NEW YORK (GenomeWeb News) – In a paper appearing online last night in the Proceedings of the National Academy of Sciences, researchers from Germany, Croatia, and Norway report that they have come up with a bioinformatics-based approach for predicting gene expression levels in human cells based on histone modification levels.
The team developed their quantitative models by bringing together data on gene expression and histone modification levels in human CD4+ T-cells. They found that histone modification levels corresponded to expression levels — but only a subset of histone data were needed for predicting gene expression. And, the researchers reported, different sets of histones provided information about genes with high- or low-CpG promoters.
"We have shown that the levels of histone modifications at a promoter proximal region are well correlated to the expression of genes," senior author Martin Vingron, head of the Max Planck Institute for Molecular Genetics' computational molecular biology department, and his co-authors wrote.
Past research suggests modifications affecting histones can influence everything from DNA replication and repair to transcription, the researchers noted. "[T]here are established links between the distinct steps in the transcription cycle and some histone modifications," they wrote. "However, in general, little is known about the relationship between histone modifications and the transcriptional process."
Still, they suspected they might be able to gauge gene expression by looking at modifications affecting these histones. To explore this further, Vingron and his co-workers assessed data on 38 different histone modifications and a one histone variant from published ChIP-seq studies of CD4+ T-cells.
Specifically, the researchers looked at the number of histone modification tags within a few thousand bases of transcription start sites for nearly 15,000 RefSeq genes, combining this information with microarray data showing transcript levels for these genes. From there, the team came up with quantitative models for predicting expression from the histone modifications.

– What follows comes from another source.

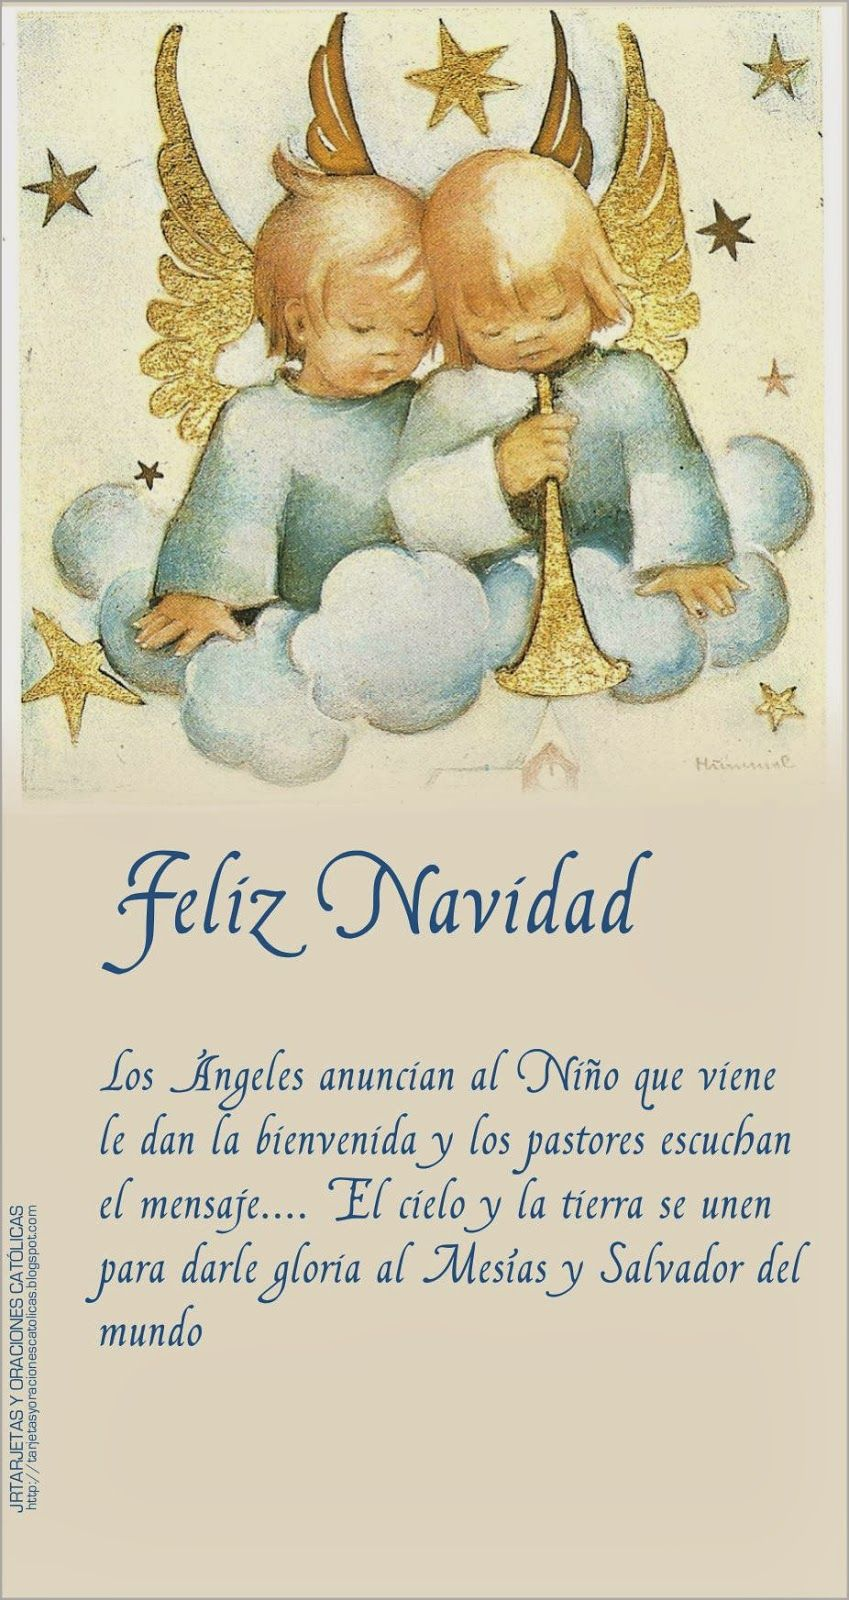 Tarjetas y oraciones catolicas tarjetas navide as jes s - Dibujos tarjetas navidenas ...

Using these models, they found that by looking at the levels of just a few histone modifications at a gene's promoter, they could get insights into the expression of the gene.
"[C]ombinations of only two or three modifications are sufficient to build models that give rise to at least 95 [percent] of the performance obtained by using all modifications," the researchers wrote.
In particular, the researchers noted, four modifications — H4K20me1, H3K27ac, H3K79me1, and H2BK5ac — turned up in many of the models and seem to be closely linked to expression.
The team also detected differences in the types of modifications associated with specific types of promoters. For instance, they noted that H3K4me3 and H3K79me1 modifications were most useful for predicting the expression genes with low CpG promoters, while H3K27ac and H4K20me1 levels were most informative in terms of predicting the expression of genes with high CpG content promoters.
And when they tested models involving nine histone modifications in two other human cell types, the researchers found that they could accurately predict gene expression in these cells as well.
The team emphasized that it's still unclear whether the histone modifications they measured are actually altering transcription or whether a gene's transcriptional status influences its histone modifications. Even so, they noted, the relationship between the processes hints at a relationship between the RNA polymerase II enzyme and histone modifications — and exploiting this association should aid future studies involving these processes.
"[W]e can pinpoint a small number of modifications whose levels at the promoter can be used to infer gene expression and hence provide some information about the transcriptional process," they concluded, "which reduces the experimental effort to study the relationship between histone modifications and transcription."